:: EXERCISE GOAL ::
Your task is to restate word for word the lines in the material below, from the one with "A fine quality" up to and including the one with "The ovoid shaped". Do not carry over the pictures.

:: GIVEN ENTRIES ::
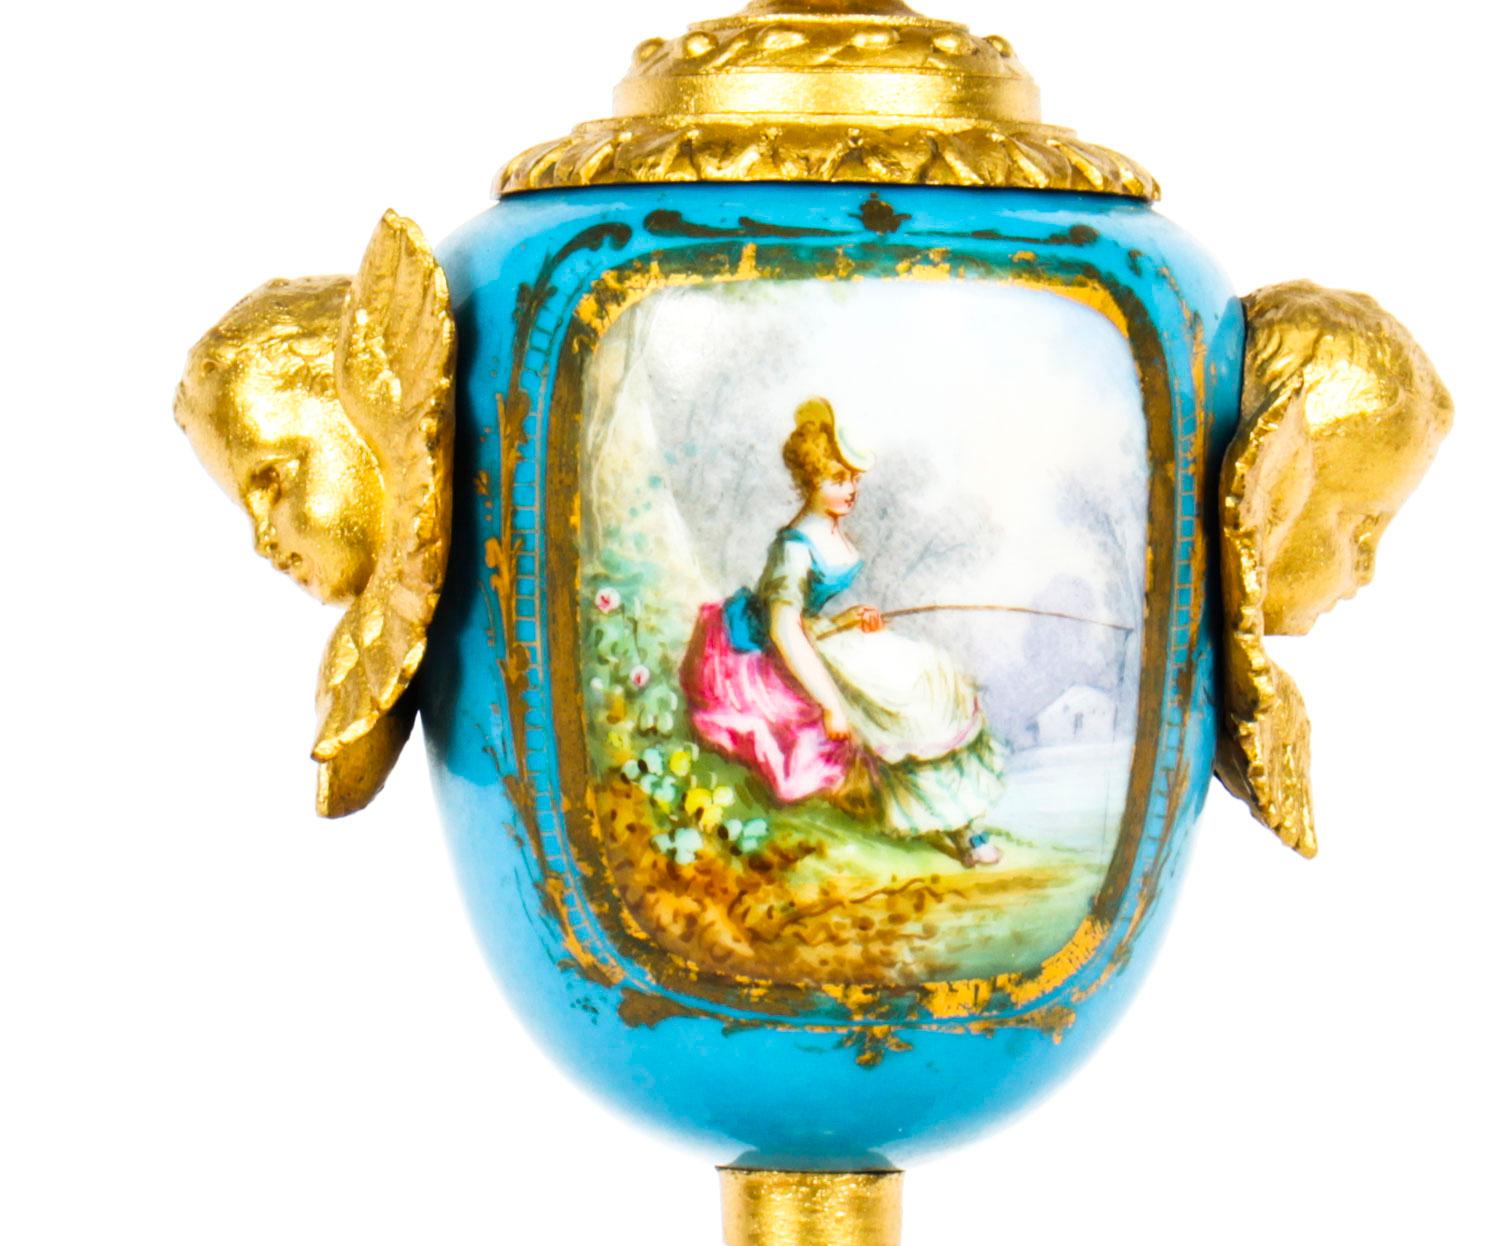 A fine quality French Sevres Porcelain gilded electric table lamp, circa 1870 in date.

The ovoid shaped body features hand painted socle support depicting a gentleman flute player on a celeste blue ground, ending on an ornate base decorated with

--

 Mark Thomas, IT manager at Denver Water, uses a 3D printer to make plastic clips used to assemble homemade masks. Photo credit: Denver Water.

:: RESULT OF THE EXERCISE ::
 A fine quality French Sevres Porcelain gilded electric table lamp, circa 1870 in date.

The ovoid shaped body features hand painted socle support depicting a gentleman flute player on a celeste blue ground, ending on an ornate base decorated with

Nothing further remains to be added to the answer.